Bu filmin ilk serisinide izledim ve beğenmiştim,bu seriside güzel olmuş.Diğer Türk korku filmlerine hiç benzemiyor,gerek ses,gerek görsel efekt yani film her yönüyle korkutuyor.Oyuncular çok doğal,sanki rol değil gerçek hayatlarını dışardan izliyormuş gibisiniz,roller hiç abartılı değil.Gerek drama gerekse korku sahneleri süper olmuş.İlk kez bir Türk korku filminin devam filmide çok güzel olmuş.3. Serisi gelmesini bekliyorum.
Serinin ilk filmine oranla daha aşağılarda olan bir yapım olmuş. Klasik Türk korku filmlerinden aşina olduğumuz cin temalı filmlerden.
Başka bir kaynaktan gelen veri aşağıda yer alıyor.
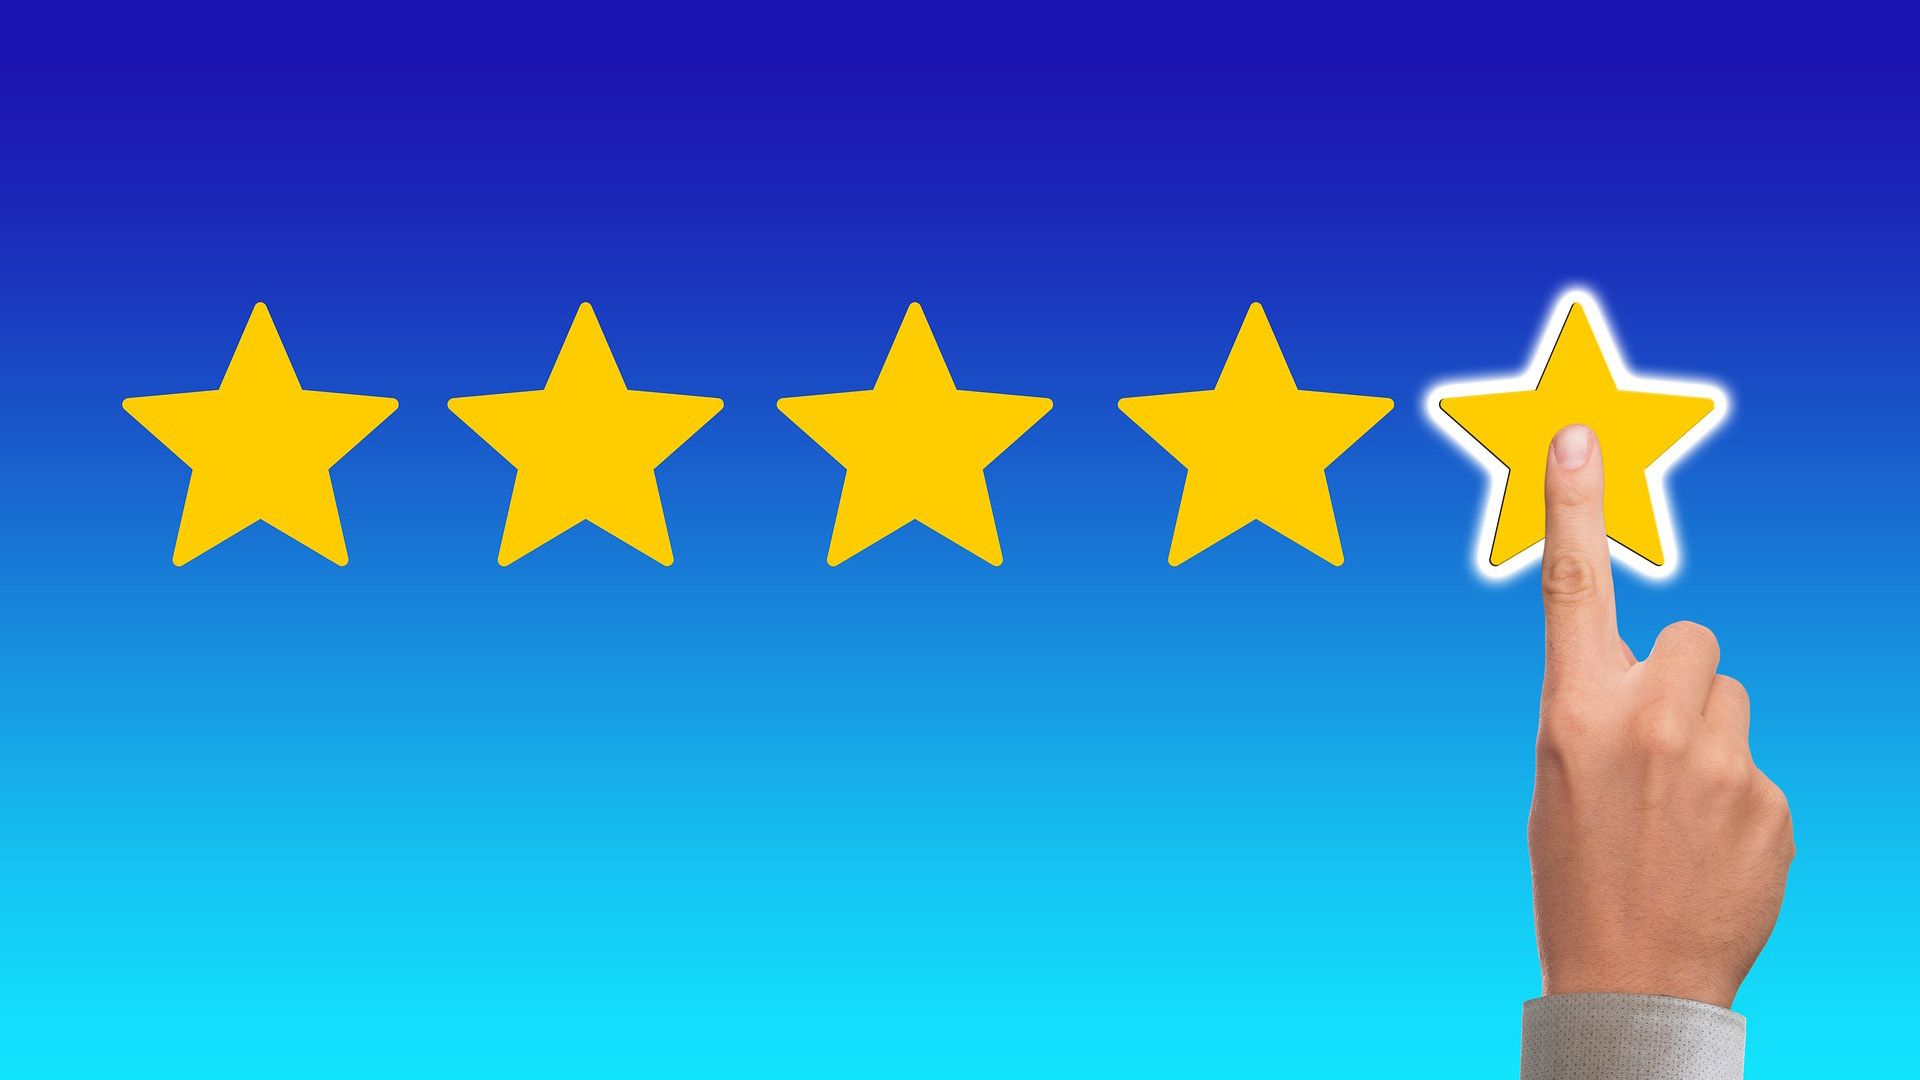 Five stars on a blue background with a man touching the illuminated fifth star.

Dabbenin açtığı bu kulvarda bu tarz filmlerin ardı arkası gelmiyor, sinemamıza yakışmayan gitgide azalan tek tür filmler artık sıkıcı gelmeye başladı, bunun sinyallerini veren bu film umarım yapımcıları farklı tarzlarda da filmler yaratmaya yöneltir. Oyunculuk gerçekten vasat, reklamlarda gördüğümüz başroldeki beyefendi reklamda bile daha iyi oynamış. Bir kaç kere yüksek sesle insanları korkutmayı ümit eylemek yönetmenin en büyük ayıbı. Korku filmlerinde gerilim dozunu artıran filmlere yönelmek örneğin kuzuların sessizliği gibi insanı geren tarzda filmleri örmek almak çıkış kapısı olabilir. Yerli film olmasından dolayı dini nesneler sizi filmin içine çeksede sonu tahmin edilebilir olması en büyük eksisi. İzlenilmemesi durumunda pek bir şey kaybetmeyeceğiniz bir film. Vizyondaki diğer filmlere göz atmanızı temenni ederim.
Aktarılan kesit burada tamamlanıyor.